CS Document 2483-v1
Making Science in the Grid World: Using Glideins to Maximize Scientific Output
- Public document
- Many modern scientific collaborations need a lot of computing power. However, hosting and operating huge numbers of processing units is beyond the capability of most institutes, so the computers are being distributed among many locations and organized in a computer grid. While this allows sites to operate in an optimal mode, it does make the life of the average scientist much harder. Quite a bit of logic is necessary to optimally distribute the computing load among all the available sites, while avoiding resources that do not match the minimum requirements of the jobs.
Most VOs have thus rolled out some sort of Workload Management System (WMS) to maximize scientific output, while requiring minimal computer literacy. Condor glidein based WMS are presented here.
The Condor batch system is composed of several processes, distributed among many machines. The system is composed of start daemons for compute resources, schedulers for managing user jobs, and a central manager that glues everything together.
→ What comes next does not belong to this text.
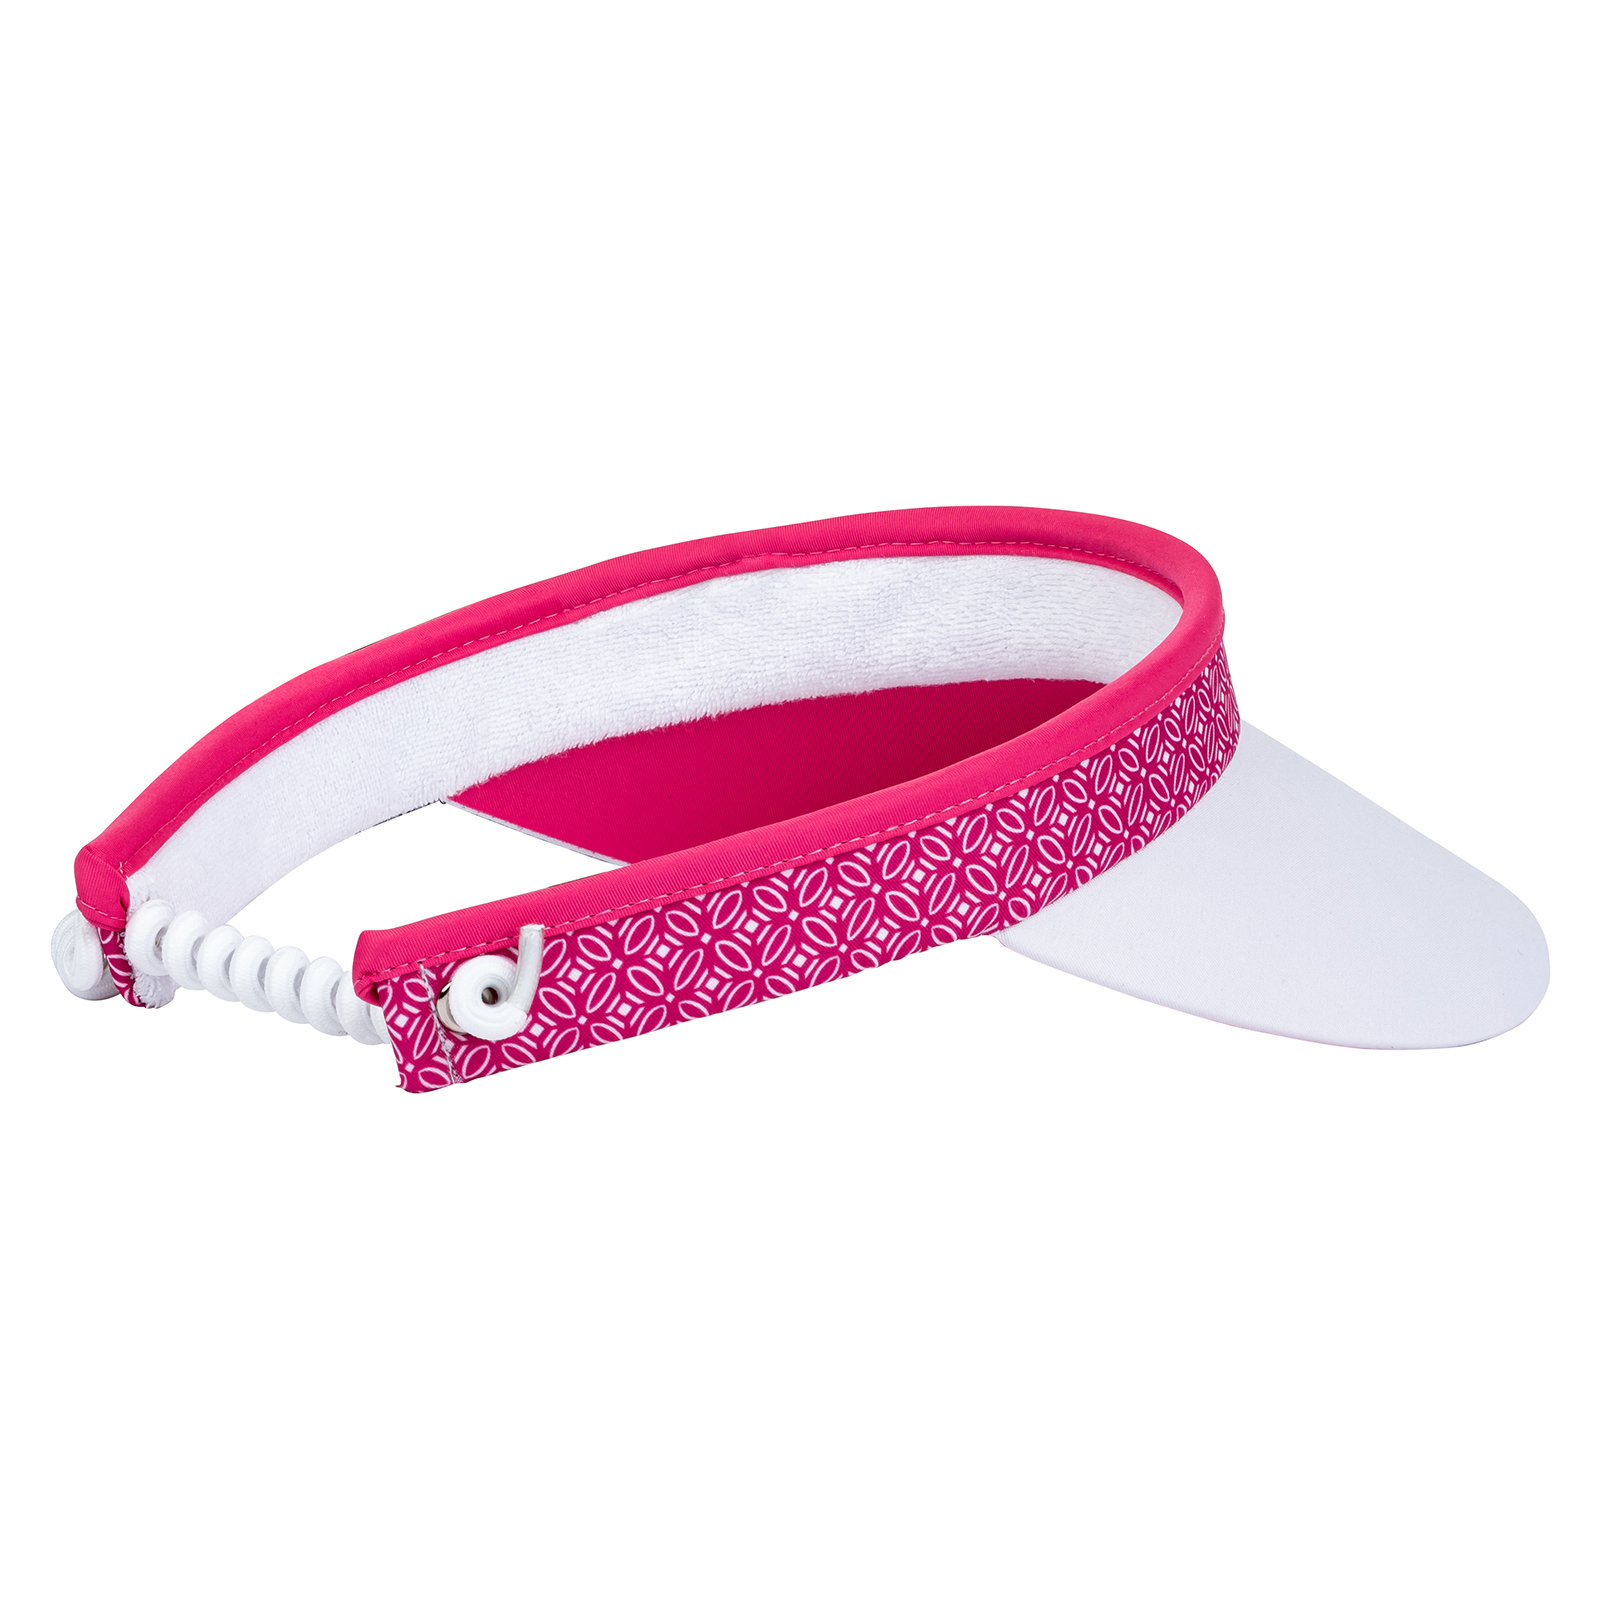 Ladies' golf visor with constrasting elements

Glideins are regular grid jobs, each starting up a properly configured start daemon that connects back to a central manager, expanding the Condor batch pool. The WMS is resposible for glidein submission with the goal of maximizing usefull computer cycles, while minimizing wasted cycles.
The glideinWMS is a general purpose WMS developed CMS, but based on an idea pioneered by CDF:
keeping a stead preasure of glideins on all suitable sites. It is based on the Condor philosophy, splitting the WMS into two logical pieces; a set of glidein factories and a set of VO frontends that drive the factories. Condor tools are used to glue everything together.
The glideinWMS is now used by two HEP experiments, CDF and CMS, for both event simulation and data analysis. Other scientific communities could benefit the same from glidein-based WMS, either implementing their own services or using the glideinWMS.
- Publication Information:
- IEEE NSS 2007 conference